Die von der KV angebotenen Alternativen und Ersatzlösungen (zentrale
Telefonnummer, Telemedizin, Fahrdienste, usw.) sind noch nicht einsatzfähig und
werden sicherlich vorerst auch nicht so funktionieren, dass sie entlasten
können. Das telemedizinische Angebot der KVBW schließt bereits um
23.00 Uhr, das ist unbefriedigend. Statistisch betrachtet, können knapp 20 000
Menschen des Stadt- und Landkreises das Angebot nicht nutzen, weil sie
„Offliner“ sind. Die SLK HN hat eindeutig erklärt, dass sie nicht über die
räumlichen und personellen Kapazitäten verfügt, die jährlichen 6000 – 8000
Patienten aus Brackenheim aufzufangen.
Dieses Vorgehen und die Schließung der Notfallpraxis ist ein schwerer Schlag für
die Region und den gesamten ländlichen Raum. Dadurch wird nur die AFD gestärkt,
sondern es werden auch unsere eigenen Wahlchancen 2026 gemindert!

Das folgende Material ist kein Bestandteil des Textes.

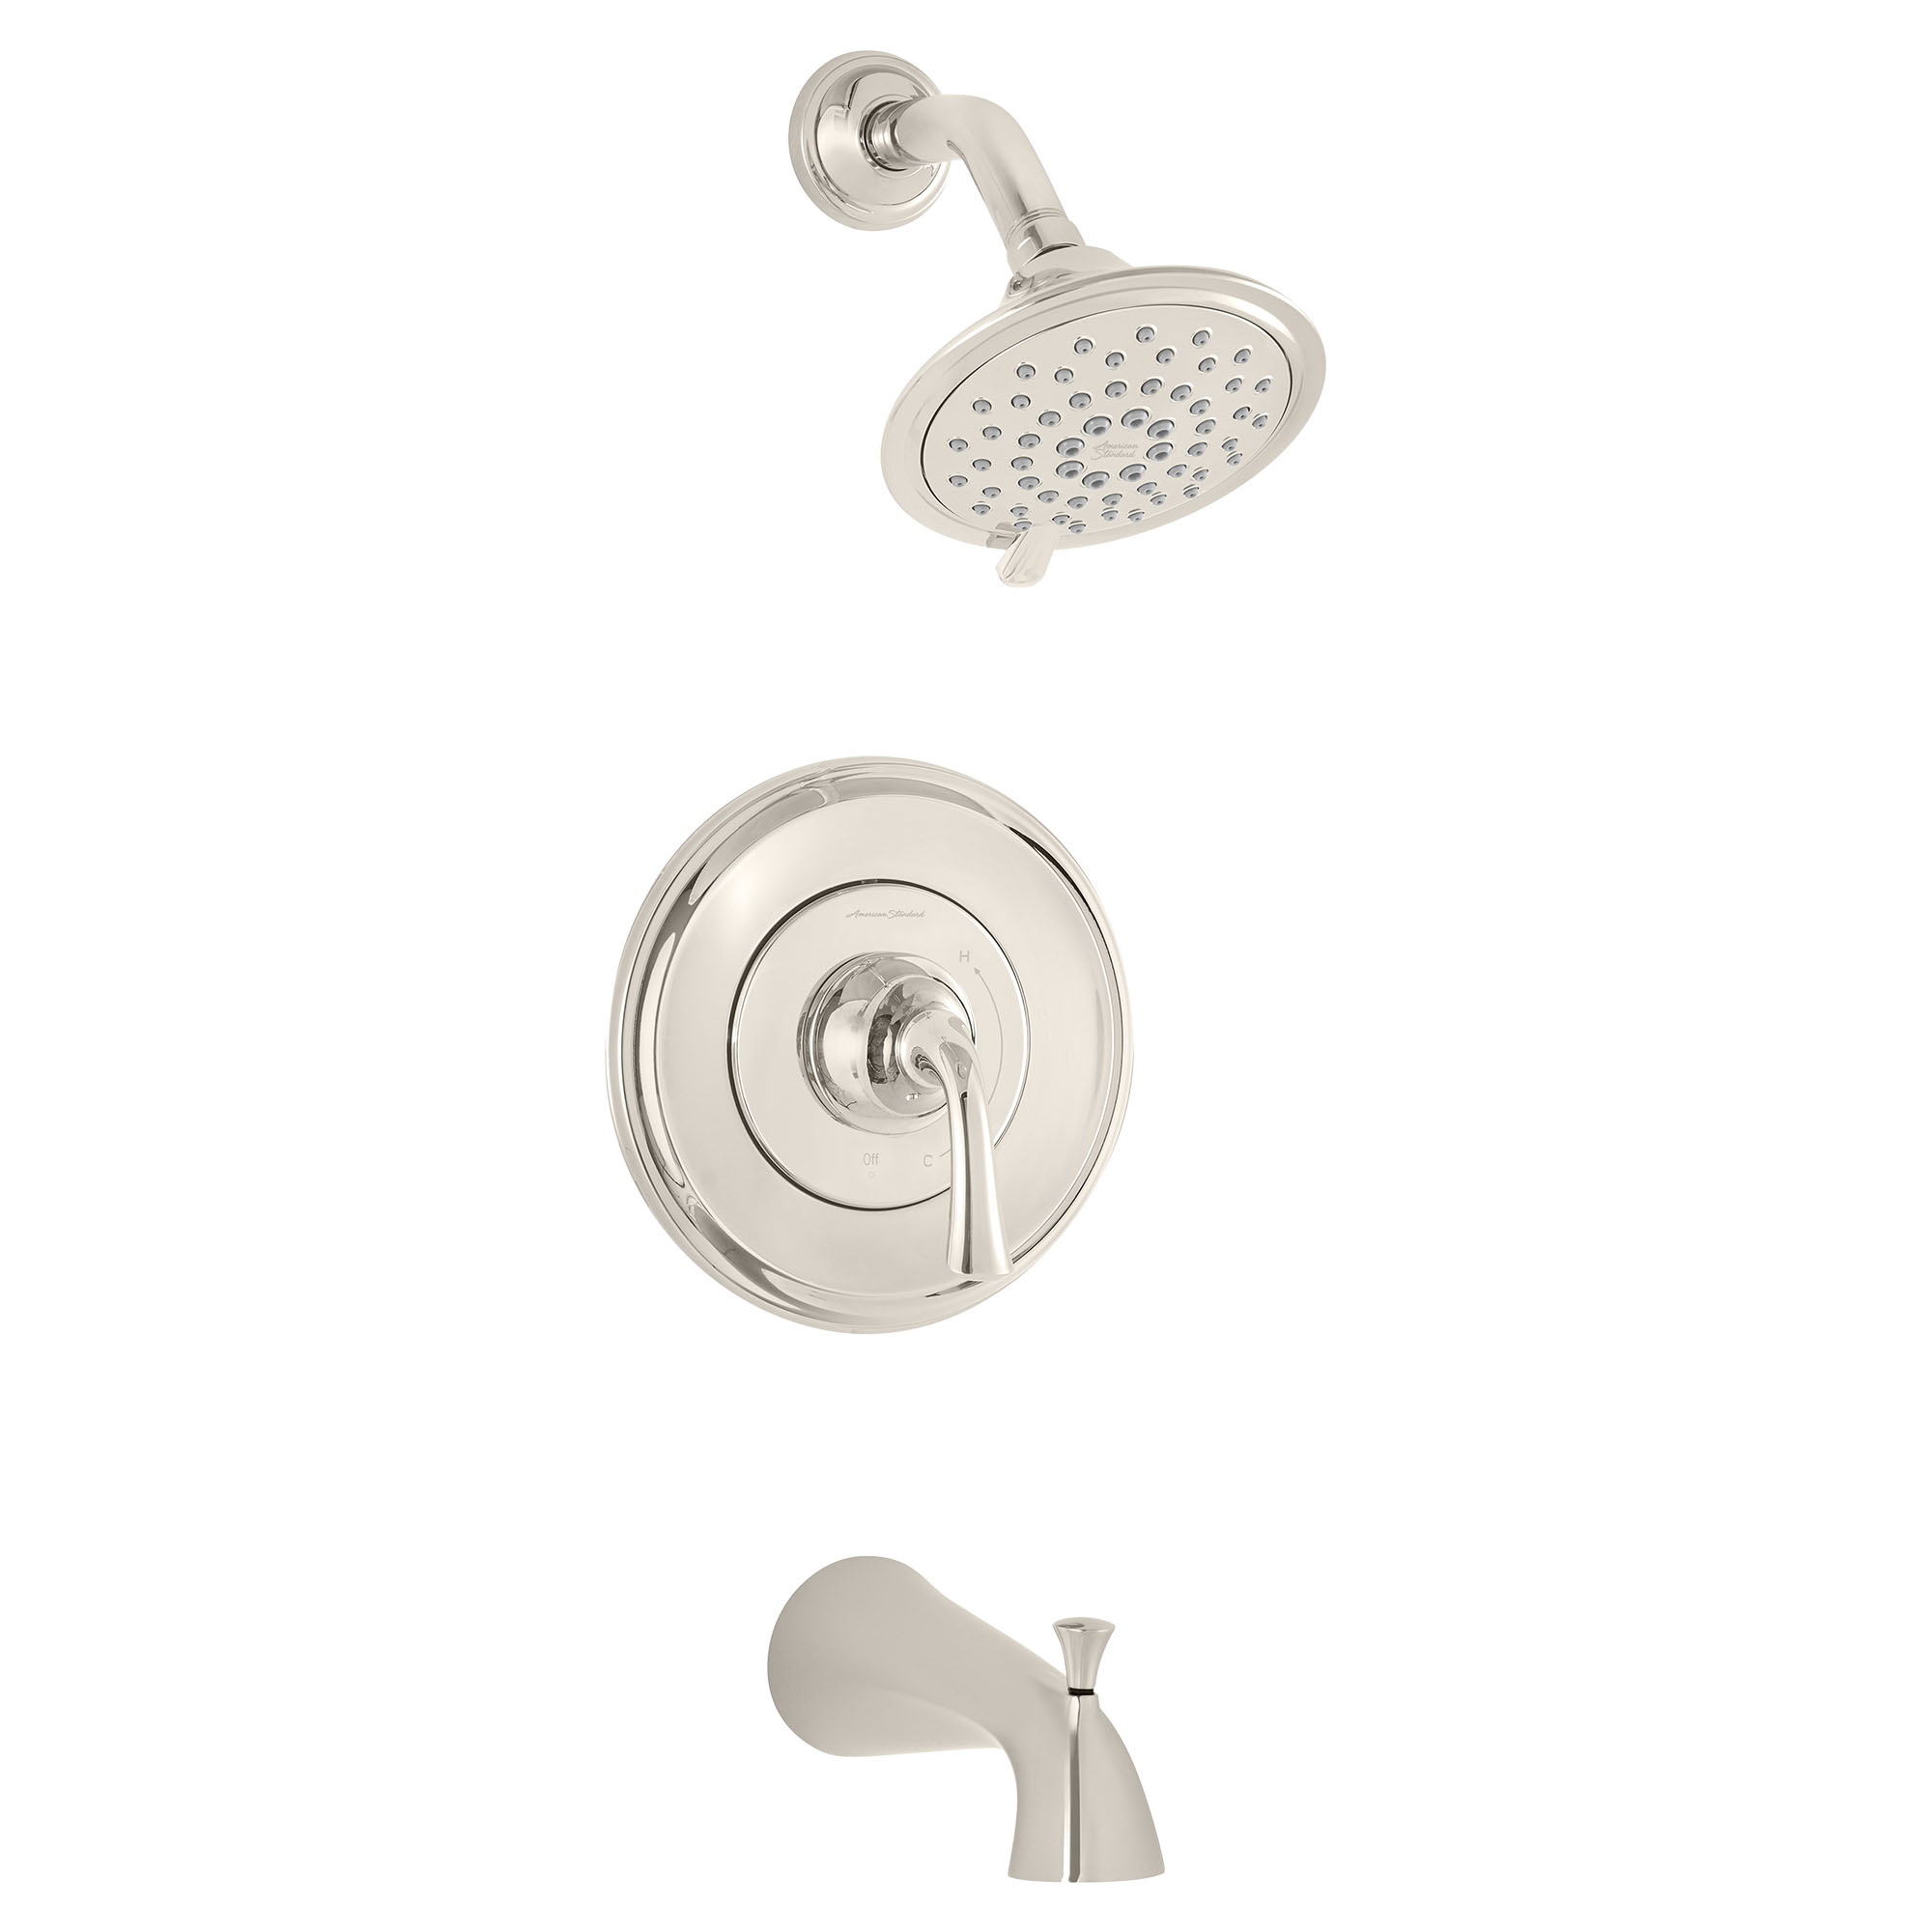 Patience® 1.8 gpm/6.6 L/min Tub and Shower Trim Kit With Water-Saving 3-Function Showerhead, Double Ceramic Pressure Balance Cartridge With Lever Handle

Der KV HN Bündnis 90 /die Grünen fordert deshalb den Landesvorstand, die
Landesregierung und das Sozialministerium hiermit auf, die KVBW im Rahmen der
bestehenden Rechtsaufsicht anzuweisen den Abschluss des neuen
Gesetzgebungsverfahren mit der Einarbeitung der Koalitionsvereinbarungen
abzuwarten und dessen Möglichkeiten für den ländlichen Raum zu evaluieren, die
Schließungen der Notfallpraxen umgehend einzustellen, um mit den betroffenen
Kommunen Alternativen zu erarbeiten und einvernehmliche Lösungen im Sinne der
gesamten Bevölkerung zu suchen!
Begründung
Die geplante Maßnahme stößt auf deutlichen Widerstand vor Ort. Der Eindruck, dass Entscheidungen über Köpfe hinweg getroffen werden, schwächt das Vertrauen in die Politik insgesamt und in unsere Partei im Besonderen. Gerade mit Blick auf die anstehende Landtagswahl muss sichergestellt werden, dass unsere Partei als Vertreterin bürgernaher Politik auftritt. Das bedeutet auch, dass innerparteiliche Meinungsunterschiede transparent ausgetragen werden und nicht unter organisatorischen Argumenten der Kassenärztlichen Vereinigung übergangen werden.